27 thoughts on “Sweet Fruit

  1. Ann Williams

    This is a beautiful memory to cherish. I really don’t ever remember your mom getting that upset. She was a lovely lady!
    Thank you for sharing!
    Always,
    Ann

  2. Teri Smith

    What a sweet story. Thanks for sending it! It makes me want to go blackberry picking.

  3. Suzanne Cottrell

    Karen shared a heart-warming family story and carried me back to a simpler time when hard-working folks used what they had. Her story was full of loving gestures. The next time I enjoy blackberries, Karen’s story will come to mind.

  4. DAVID W SINK

    An absolutely fun read. Could feel Uncle Bucks cut on my foot. Could feel the tiny seeds between my teeth. Could see my grandmother’s Mason jars handiwork in the pantry in the old country home kitchen nestled in the woods on the Linwood NC farm.

  5. Megan Wheless

    Beautiful narrative, Karen. I was transported and also felt like I got to know your mother a bit. Your writing made me think of the time my then boyfriend (now husband) and I picked blackberries on our hikes in the mountains.

  6. Dorothy Fantle

    A beautiful memory! I felt as if I were there and could taste the blackberries! Blackberry jam is my all time favorite. Thanks for sharing.

  7. Mary Alice Dixon

    Sweet Fruit reads like a Flannery O’Connor story – especially when Daddy risks his job to sell berries for the old woman on his mail route. Southern Gothic meets Mother Teresa. Love it, love it, love it.

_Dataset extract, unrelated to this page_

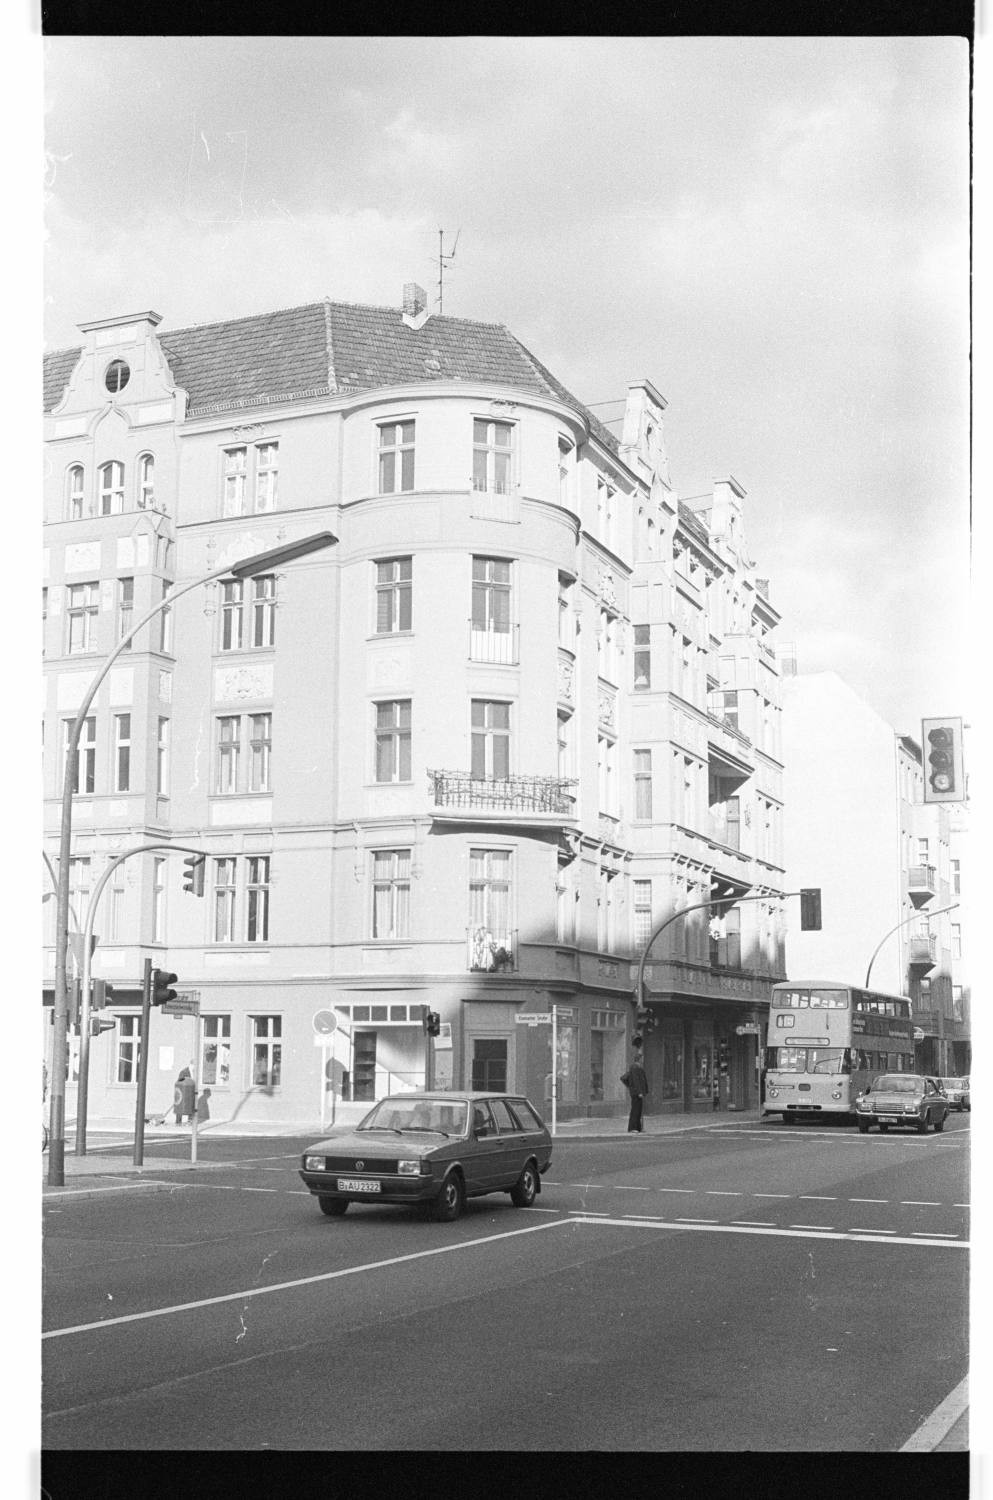 Kleinbildnegative: Mietshaus, Eisenacher Str. 102, 1979 (Museen Tempelhof-Schöneberg/Jürgen Henschel RR-F)

  8. Dianne Hudson Csordas

    Karen, I enjoyed this beautiful story…reminded me of my childhood when my sister, Janice, and I would go down by the Creek bed, with my Granny leading the way to pick blackberries. Granny would put socks on our hands. The toe area would be cut out for our fingers to be free for the picking. Oh yes, Granny had a big stick that she would beat at the bottom of bushes to scare the snakes away.
    Then we would go home prepare the blackberries for Granny’s Pie…She would make dumplings…I called them Blue dumplings..Great memories.

    1. Karen Luke Jackson

      Oh, Dianne. What an incredible memory of socks on your hands with the toes cut out and “Blue dumplings.” People have shared so many stories of blackberry picking, we could published an anthology!

  9. Elizabeth Elzey

    What a beautiful and moving piece. Deep and bittersweet, it goes straight to the heart.

  10. Glenda C. Beall

    Being a south Georgia girl myself, I was transported back to my childhood. My sister and I picked the berries and I was terrified that a snake would be in the bushes. My mother made blackberry jelly and made delicious blackberry pie which was really cobbler. Karen does an excellent job of writing creative nonfiction and I am happy she sent me the link so I could read it.

  11. Susan Holt

    I first heard Karen read this at the Henderson County Library. It was such a treat–the taste of blackberries on my tongue, the fruit at all stages of becoming jelly, and yes, family–always family! Growing up a little sister, wanting so badly to be the one with the most berries, and a brother who kept her secret is a story that rings as true for me as the summer’s wild sweet harvest.

  12. Marta Murrell

    Your story about your Daddy risking his job to help someone in need feels like an invitation to me… What am I willing to risk to help people in my community/country? I wish I could remember and tell family stories as you do Karen. Maybe if I go through the tubs of my parents’ pictures in my attic the stories would float out along with the dust ! Thank you for sharing such evocative stories.